Editorial: Resistance is not enough
One thing you can be sure about within capitalism is that the antagonism between those who own and control our society and the majority of us who don’t, will not go away. The ongoing industrial disputes by rail workers are a high-profile example of this and currently university staff are being balloted in a pay dispute based on their claim that their real pay (taking inflation into account) has fallen by over 20 percent since 2009.
The capitalists who own the means of living in society derive their wealth from the unpaid labour of the working class, that is, the amount of labour produced over and above the labour time that they pay for in workers’ wages and salaries. Thus it is in their interests to extract the maximum amount of this surplus labour. In the early days, they attempted to achieve this by lowering wages to the lowest level they could get away with and extending the working day for as long as possible. Women and children were drawn into the production process and were exploited ruthlessly. To resist this encroachment of capital, workers combined to form trade unions. Strike action and collective agitation were their weapons. In the nineteenth century, agitation by British workers successfully forced the government to concede the reduction in the working day to 10 hours and later on to 8 hours. The historic examples were the East End matchmakers’ strike of 1888, the London dock workers’ strike of 1889 and the UK General Strike of 1926. In more recent decades there were notable strikes by the UK coalminers in the 1970s and 1980s and currently we also have the Gilet Jaunes movement in France that has been making the headlines.
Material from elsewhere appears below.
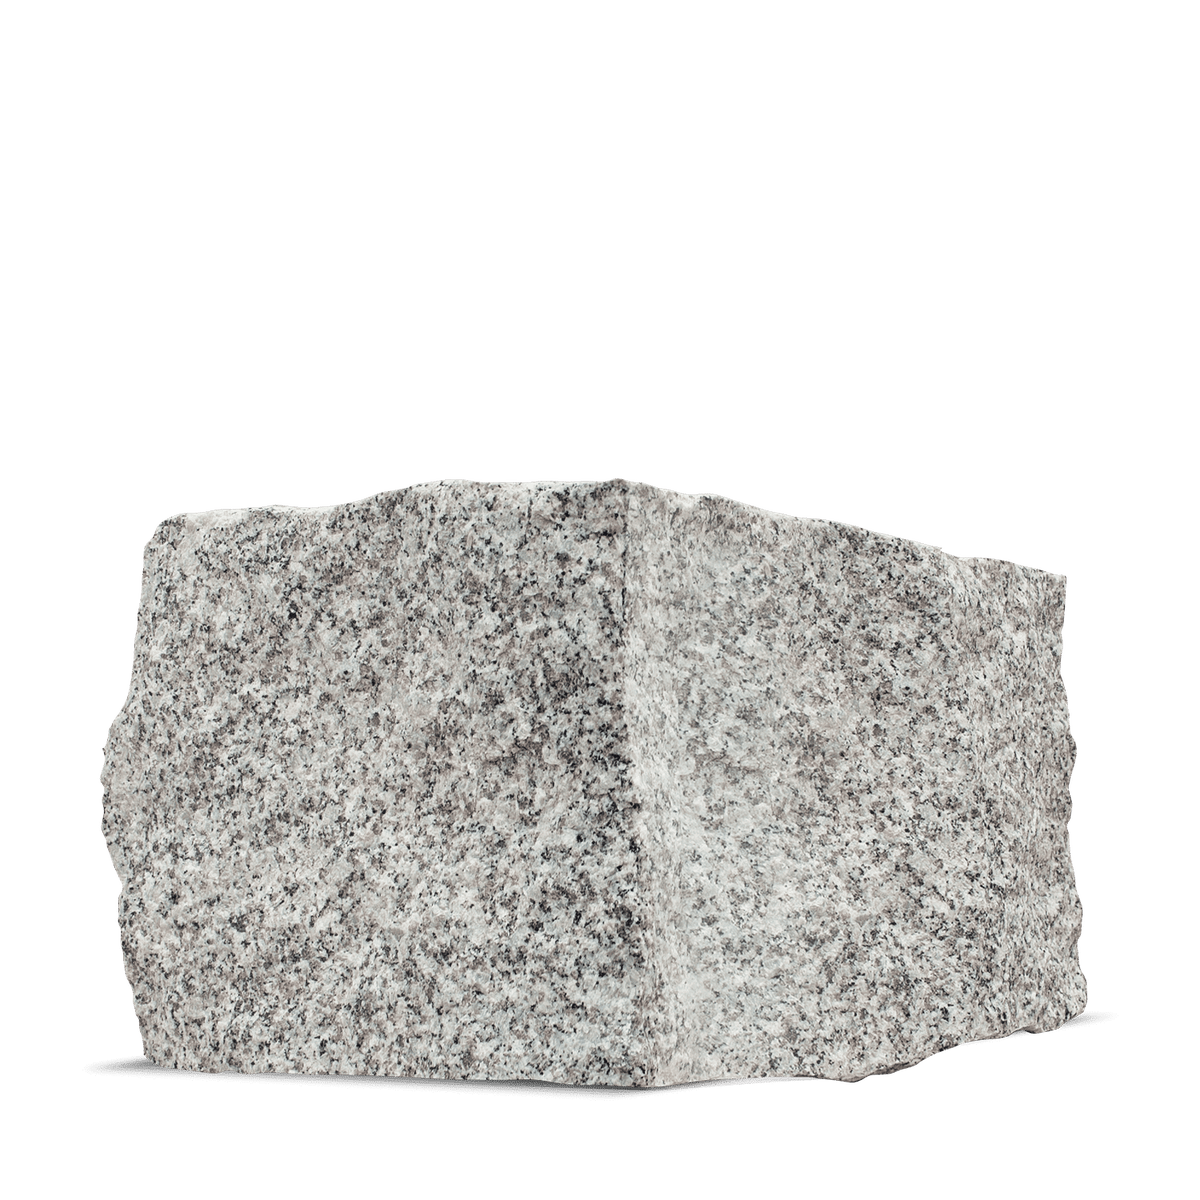 Galamio Granit Mauersteine 40*25*25 » gebrochen « 1000kg Palette

With the increasing application of technology to production, capitalists have been able to increase the productivity of workers and extract more surplus value without extending the working day. Although the workers work shorter hours on average and have seen improvements in their living standards, they still, in many ways, come into conflict with their employers over pay and conditions. Public sector workers have also organised strikes against their employers, the state. We have also seen the struggles of more marginalised workers – women, ethnic minorities and gays – against discrimination and for greater equality.
Socialists support workers being organised in trade unions to defend their interests. Many gains have been achieved by collective action, but they do not alter the position of workers as an exploited class within capitalism. Trade union and other collective activity cannot eradicate the problems of poverty, unemployment and homelessness. Moreover, gains may be reversed over time; in the 1960s, British banking unions successfully secured the ending of Saturday working, only to find it being reintroduced years later.
For workers to end their exploitation and secure real freedom, they need to take the next step and organise for socialism, a worldwide society of common ownership where there are no employers or employees and everyone can participate equally with free access to what they need.